The crown prince, who is also the chairman of the kingdom’s Council of Economic and Development Affairs, has levied taxes on citizens, imposed governmental fiscal discipline, and sold stakes in Saudi Aramco, the state-run oil giant, to pay for Vision 2030. The United States can appeal to MBS by providing an additional financial jolt to help him realize his signature plan. Through supercharging agencies like the U.S. Development Finance Corporation, the U.S. Trade and Development Agency, and the Millennium Challenge Corporation, Washington should invest tens of billions in the Saudi economy, focusing mostly on Saudi initiatives to build its renewable energy and manufacturing sectors: nuclear reactors, water desalination operations, and solar farms.

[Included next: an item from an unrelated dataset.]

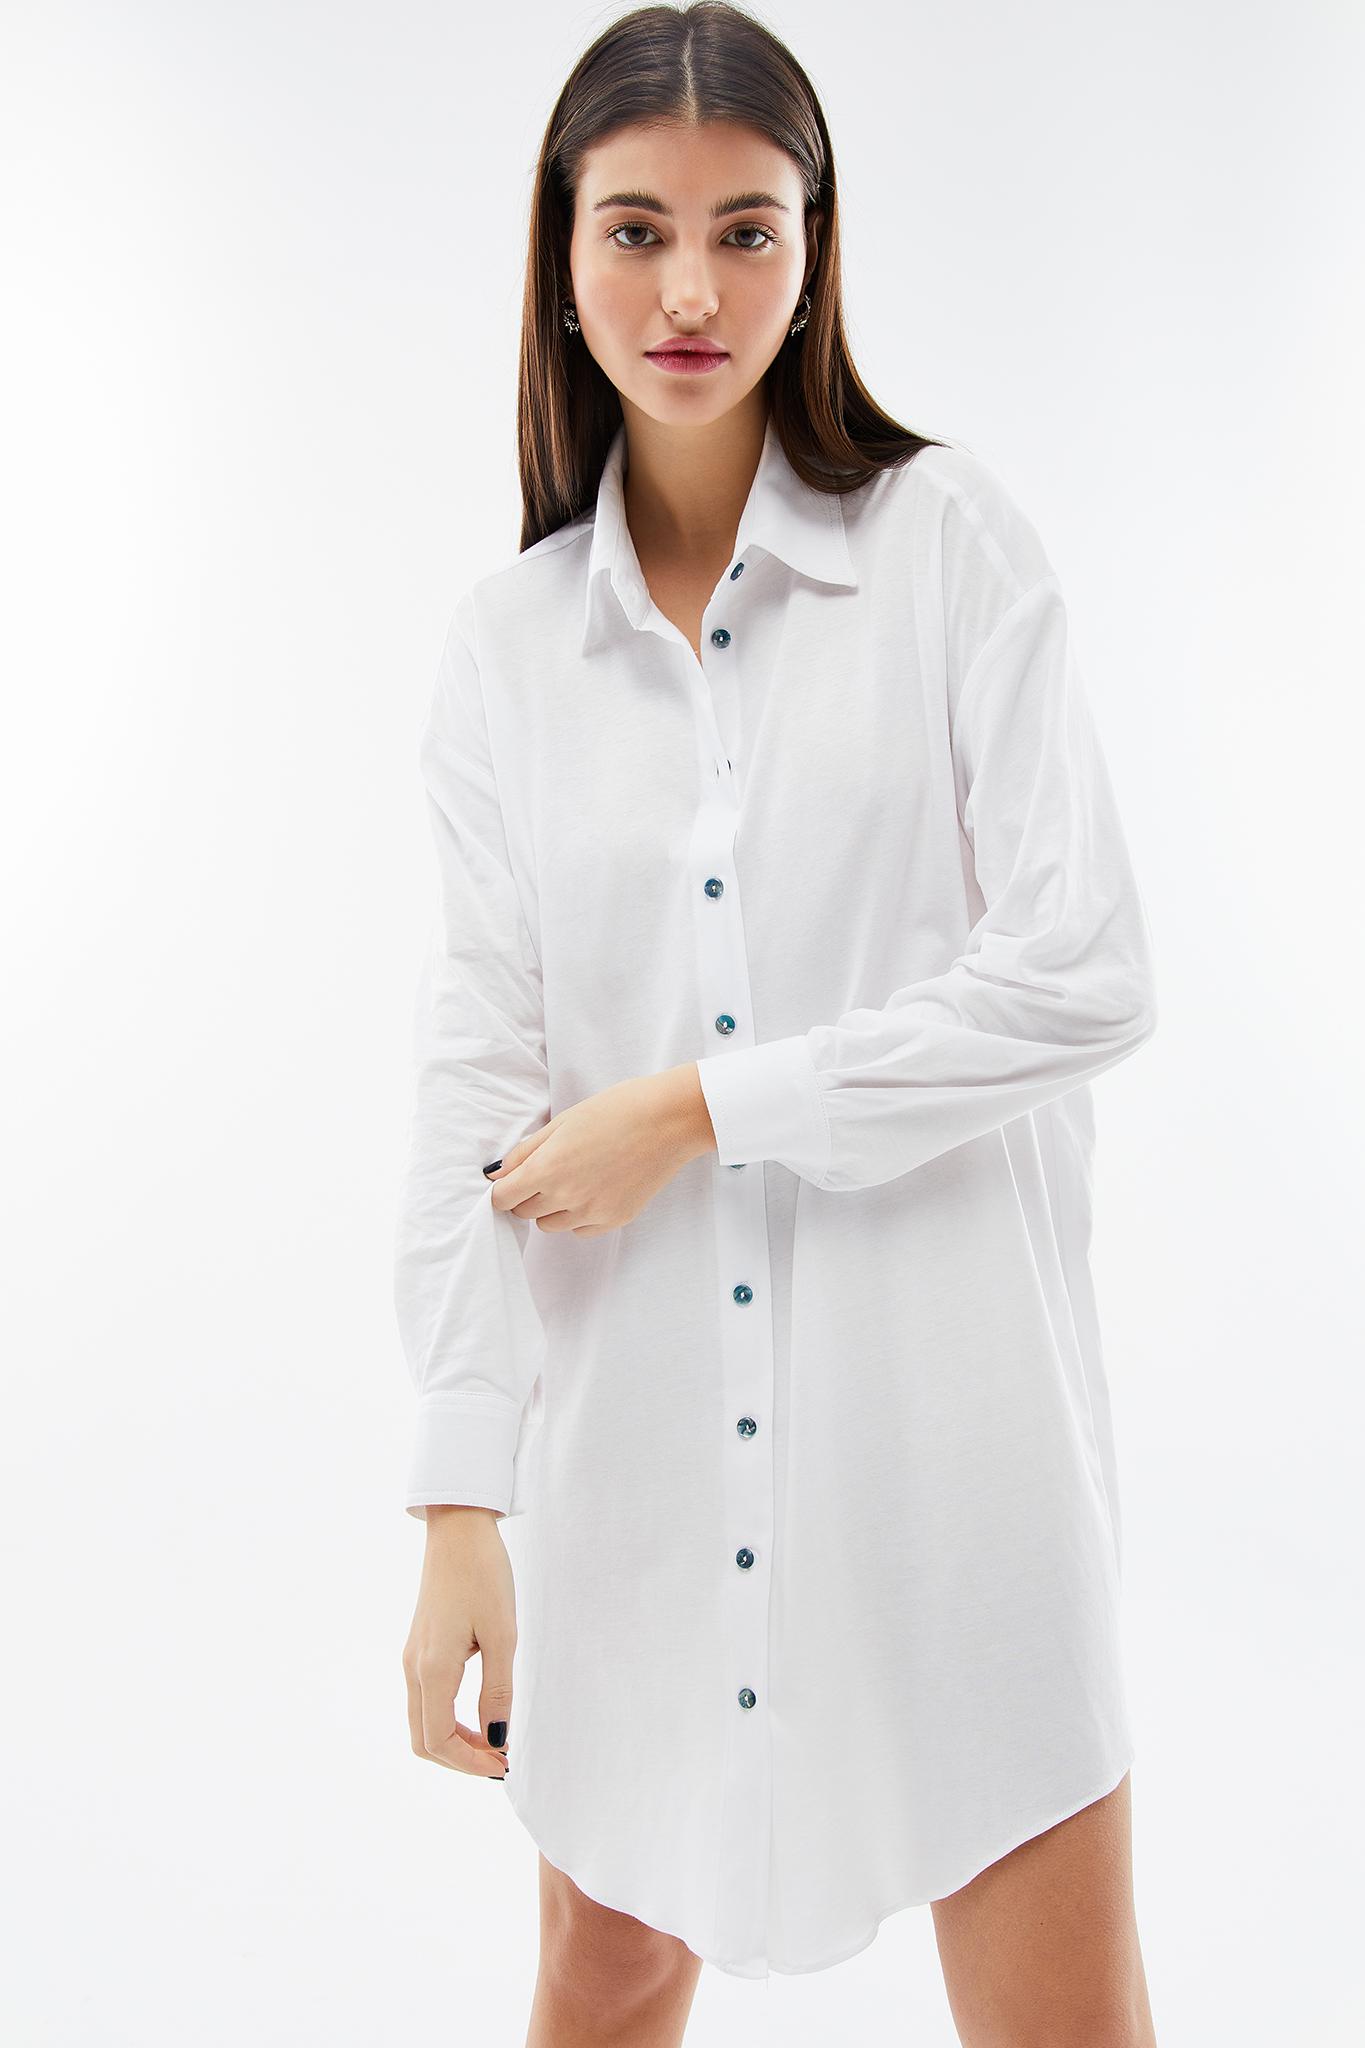 BLAMEYOURDAZE white oversized dress

The financing—which would come mostly in the form of grants and low-interest loans to the Saudi government and outside contractors assisting the building efforts—would help accomplish much more than the prince’s economic diversification efforts. Funding and replicating projects like the gargantuan Sakaka solar plant could serve as the basis for a Saudi-wide revolution in photovoltaics use. Not only could the desert kingdom run its domestic economy on clean solar—as well as hydrogen and nuclear power—but it could become a leader in exporting that zero-carbon energy to a region sorely in need of alternative sources: Europe.

The invasion of Ukraine by Russia has thrown global energy markets into chaos, and nowhere has such turmoil been more acute than in Europe. Though European Union (EU) member states have tossed out Russia-linked energy projects like Nord Stream 2, the continent has continued to purchase oil and gas from Moscow, leading to record revenues for the aggressor to fund its criminal war. And while the EU has committed to a plan of completely phasing out Russian petroleum products by early 2023 (and even then there are exceptions), the Kremlin’s historical hydrocarbon grip on Europe, experts agree, has gravely threatened the security and prosperity of European governments and, by extension, the United States.

With the urgency created by Moscow’s gross territory grab, the United States can and should help diversify Saudi Arabia’s export economy to help not only the crown prince’s legacy and thus U.S.-Saudi relations, but the geopolitical risk, energy scarcity, and source diversification problem in Europe, too. Creating such linkages with the kingdom will bring Europe into a low-carbon future and starve Moscow of desperately needed revenue to fund its wars, not to mention its entire government.

Such cooperation, with enough financial support from the United States and its allies, could be replicated with other nations in the Middle East eager to diversify their economies and build sustainable energy production and export systems: Egypt, Jordan, Israel, and so on. Through Vision 2030 and its Middle East Green Initiative, Riyadh could leverage its regional leadership and compel its neighbors to sign onto what EcoPeace Middle East, a nongovernmental organization, refers to as the “Green Blue Deal,” an award-winning initiative meant to help facilitate an economically prosperous clean-energy future for Europe and the Middle East.

Again, given the opportunities to secure clean energy for Europe, engage in productive diplomacy and economic statecraft with Saudi Arabia and other regional powers, and severely curtail Russia’s ability to do harm, Washington and its allies in the G7 could use their recently announced Partnership for Global Infrastructure and Investment (PGII) to funnel billions of dollars into Saudi and Middle Eastern energy projects like the ones envisioned by Vision 2030 and the Green Blue Deal. Indeed, the ambitious scheme is already beginning to fund like-minded, zero-emissions projects such as a massive solar farm in Angola. And while PGII emphasizes cooperation with private stakeholders (U.S. companies are already taking the lead), Riyadh is positioning Saudi Arabia to be a haven for such enterprises with recent improvements to its investment climate. Indeed, inclusion of both Saudi and American private sector actors in this initiative will ensure both the security of both nations’ domestic interests and the viability of the partnership as a whole.